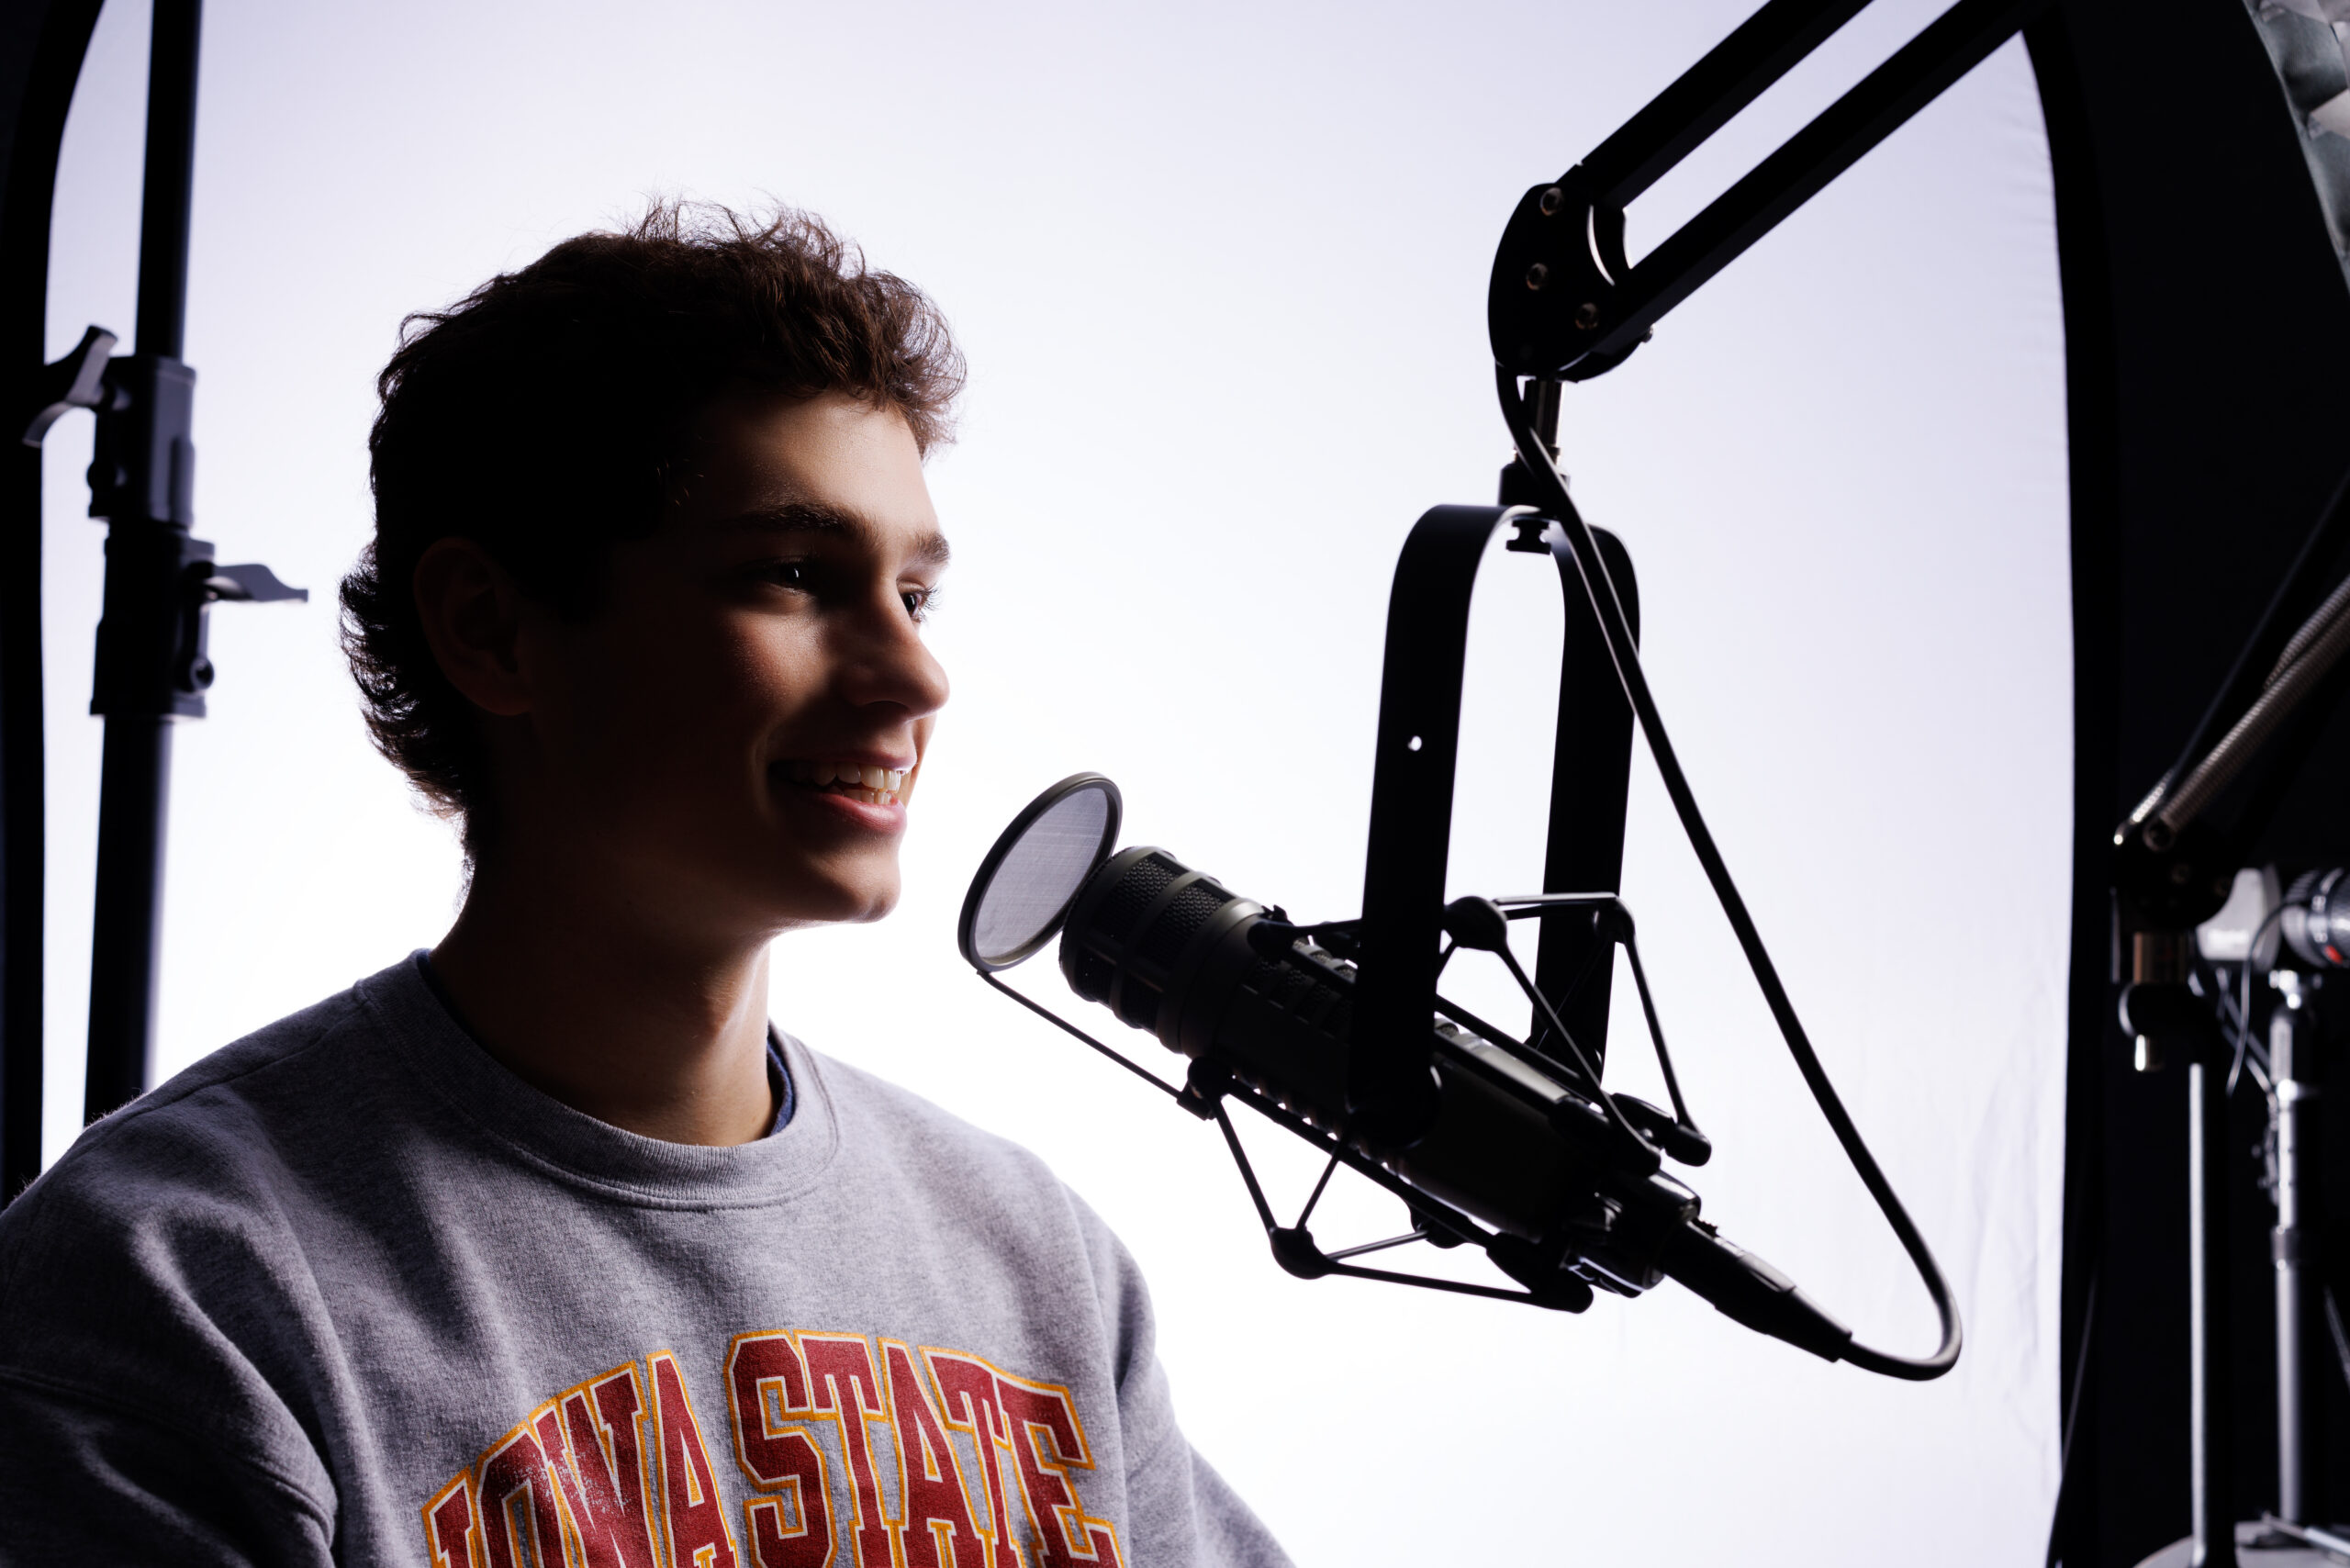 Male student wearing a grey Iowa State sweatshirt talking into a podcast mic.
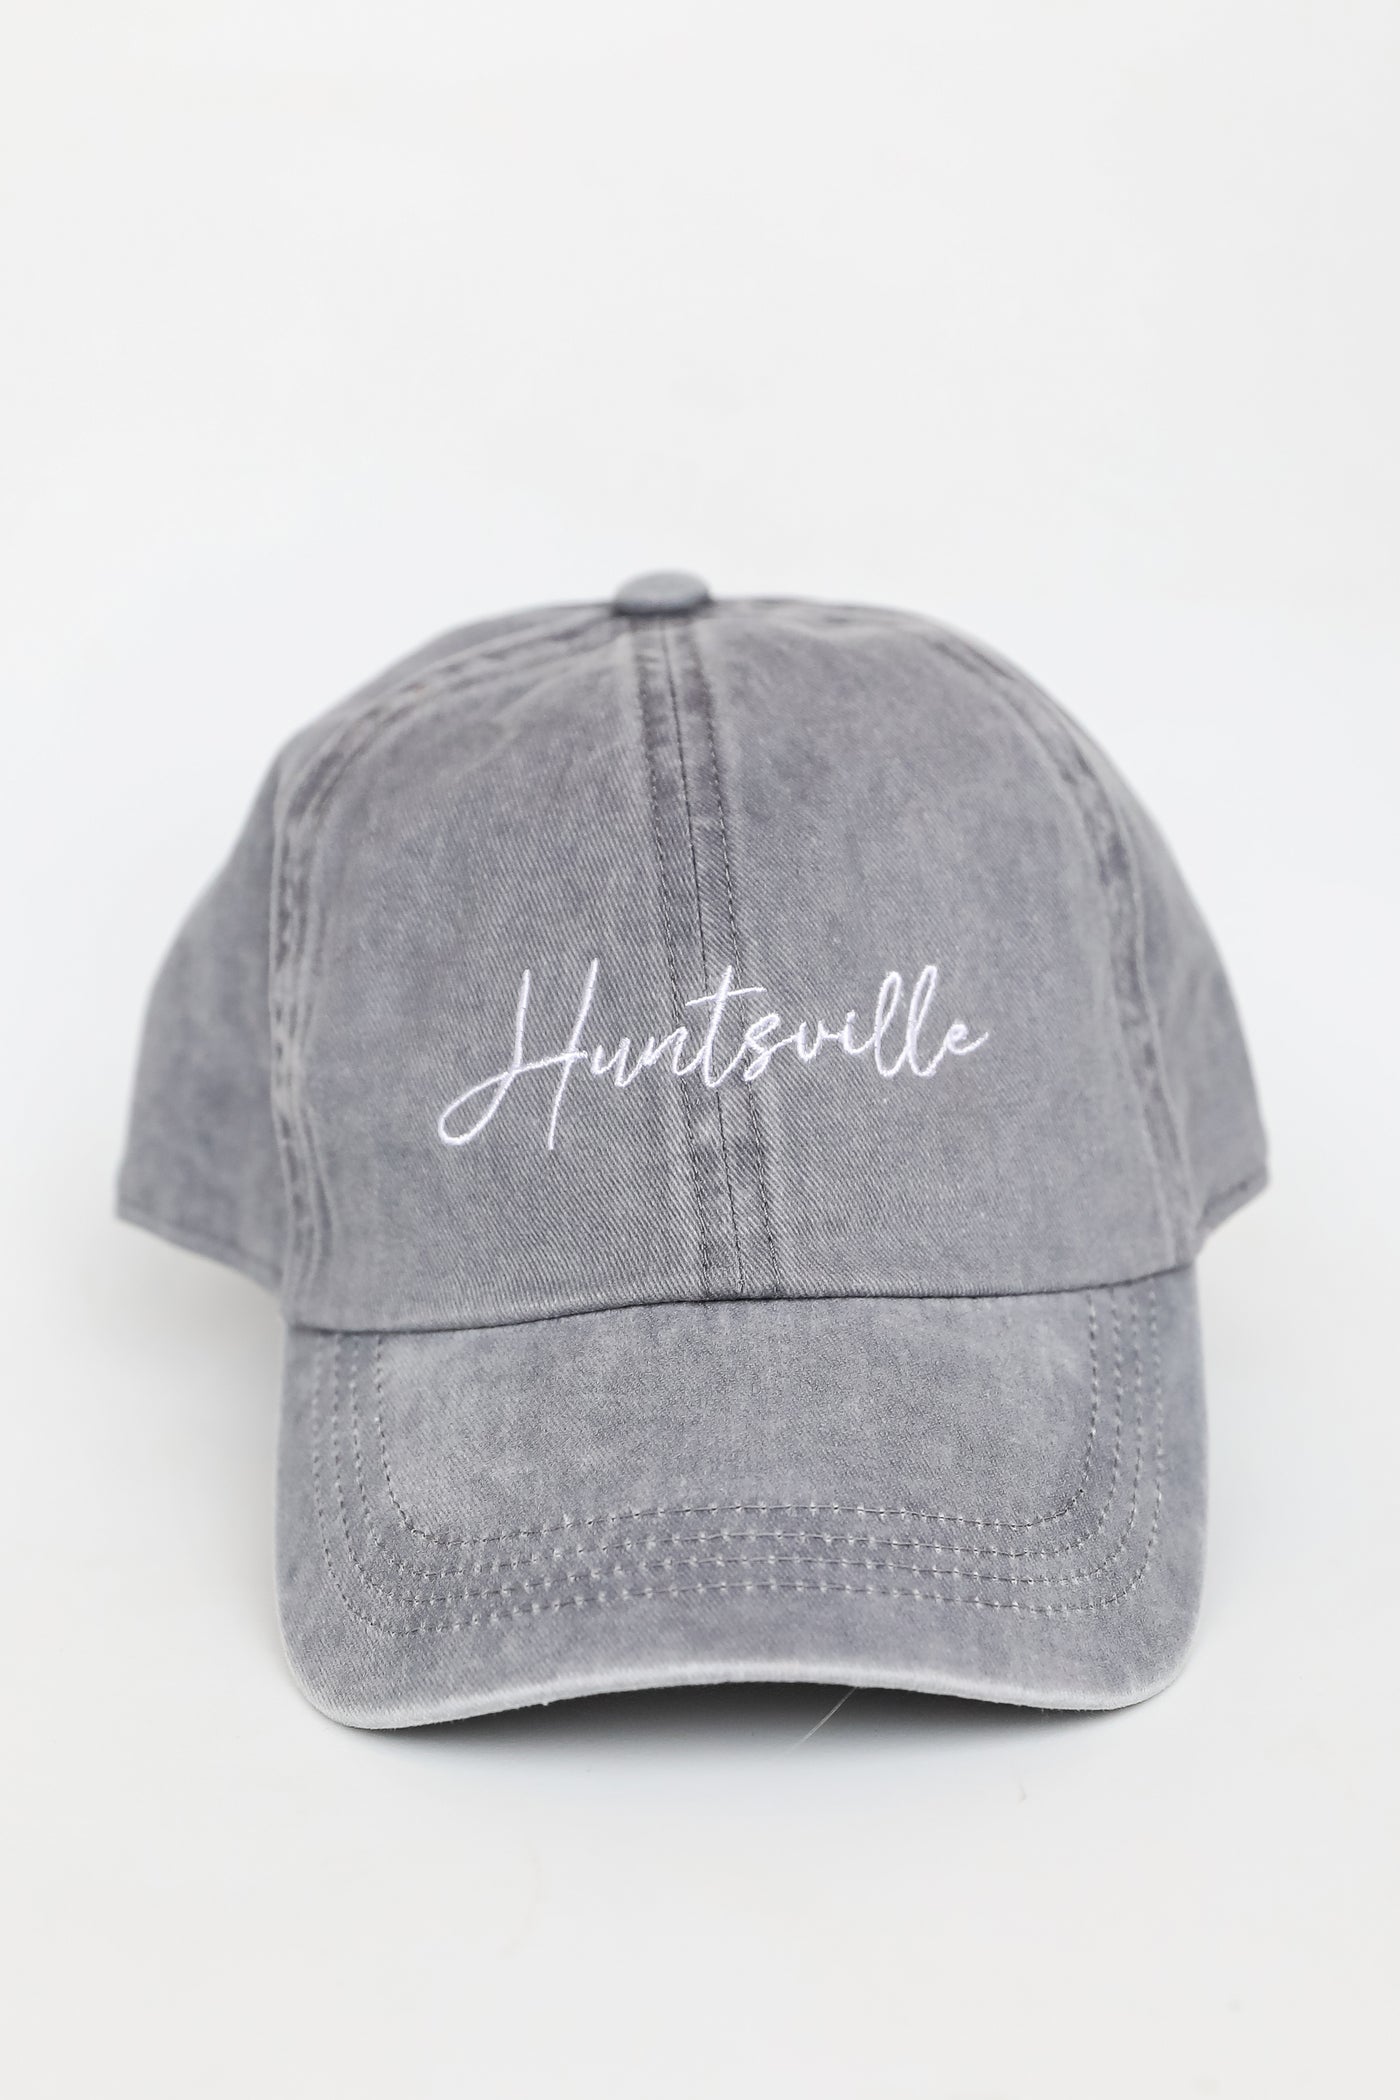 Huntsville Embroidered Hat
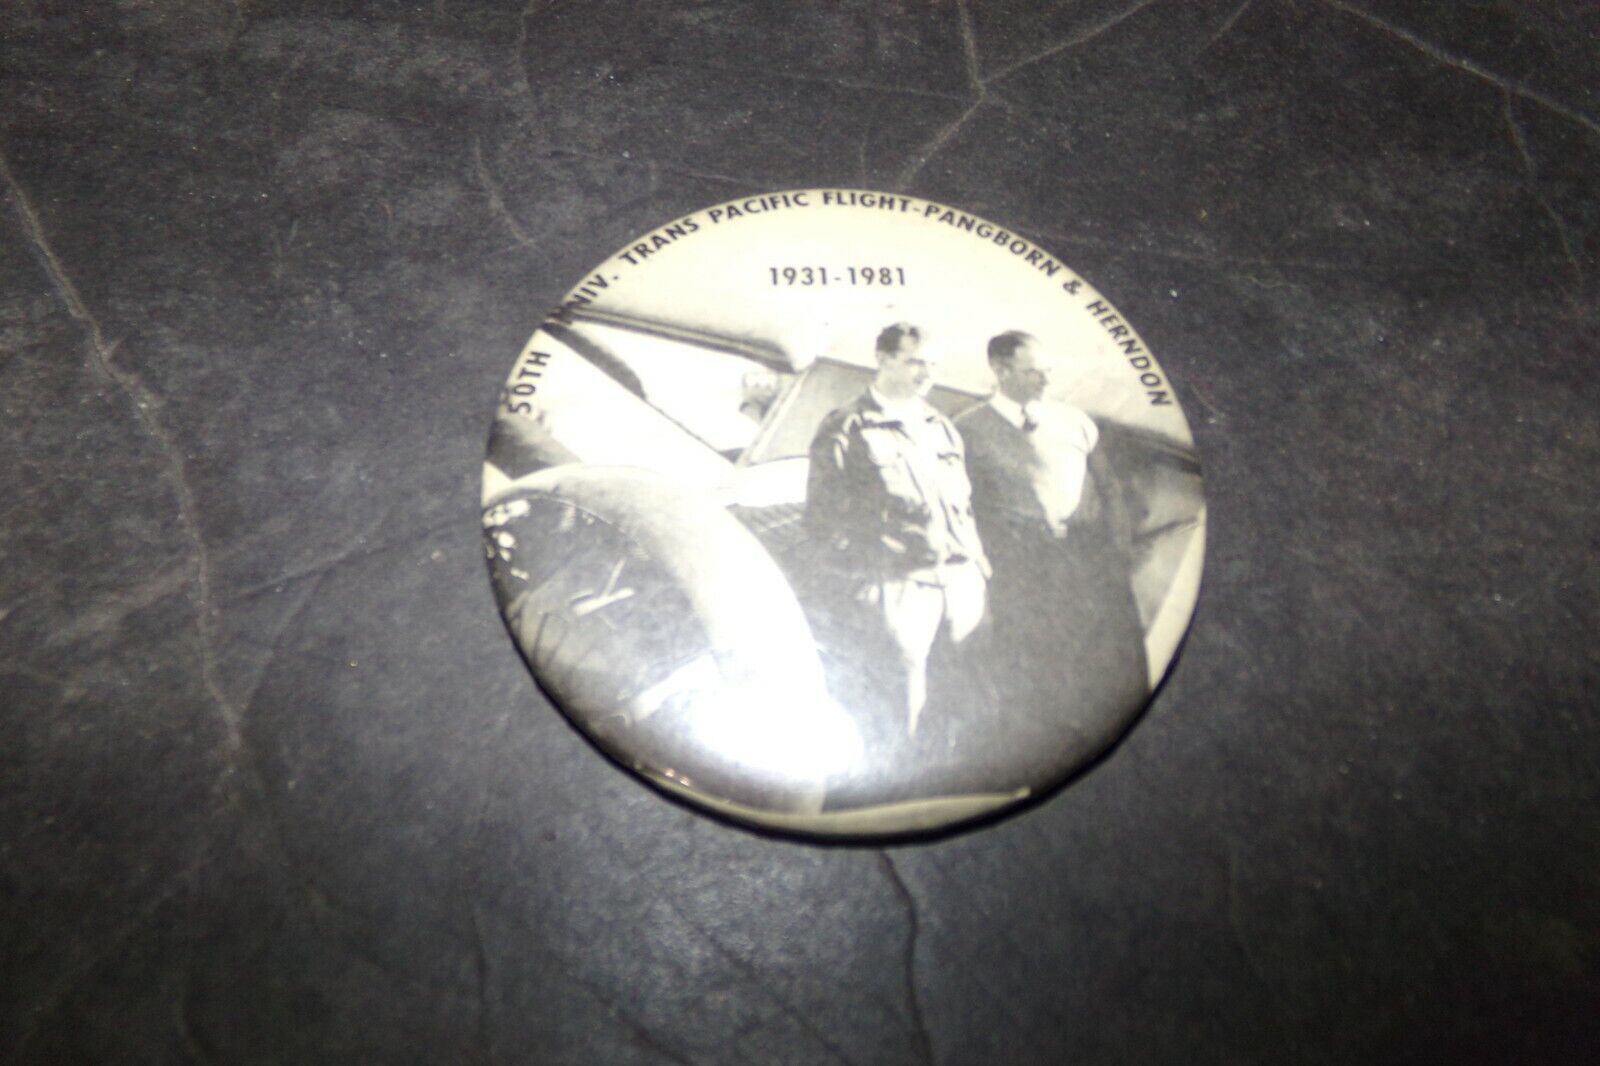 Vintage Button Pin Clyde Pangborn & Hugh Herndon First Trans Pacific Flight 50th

......

ACTION ITEM:
Output everything in the material exactly. Pictures stay out of it.

RESPONSE TO THE TASK:
 Male student wearing a grey Iowa State sweatshirt talking into a podcast mic.
 Huntsville Embroidered Hat
 Vintage Button Pin Clyde Pangborn & Hugh Herndon First Trans Pacific Flight 50th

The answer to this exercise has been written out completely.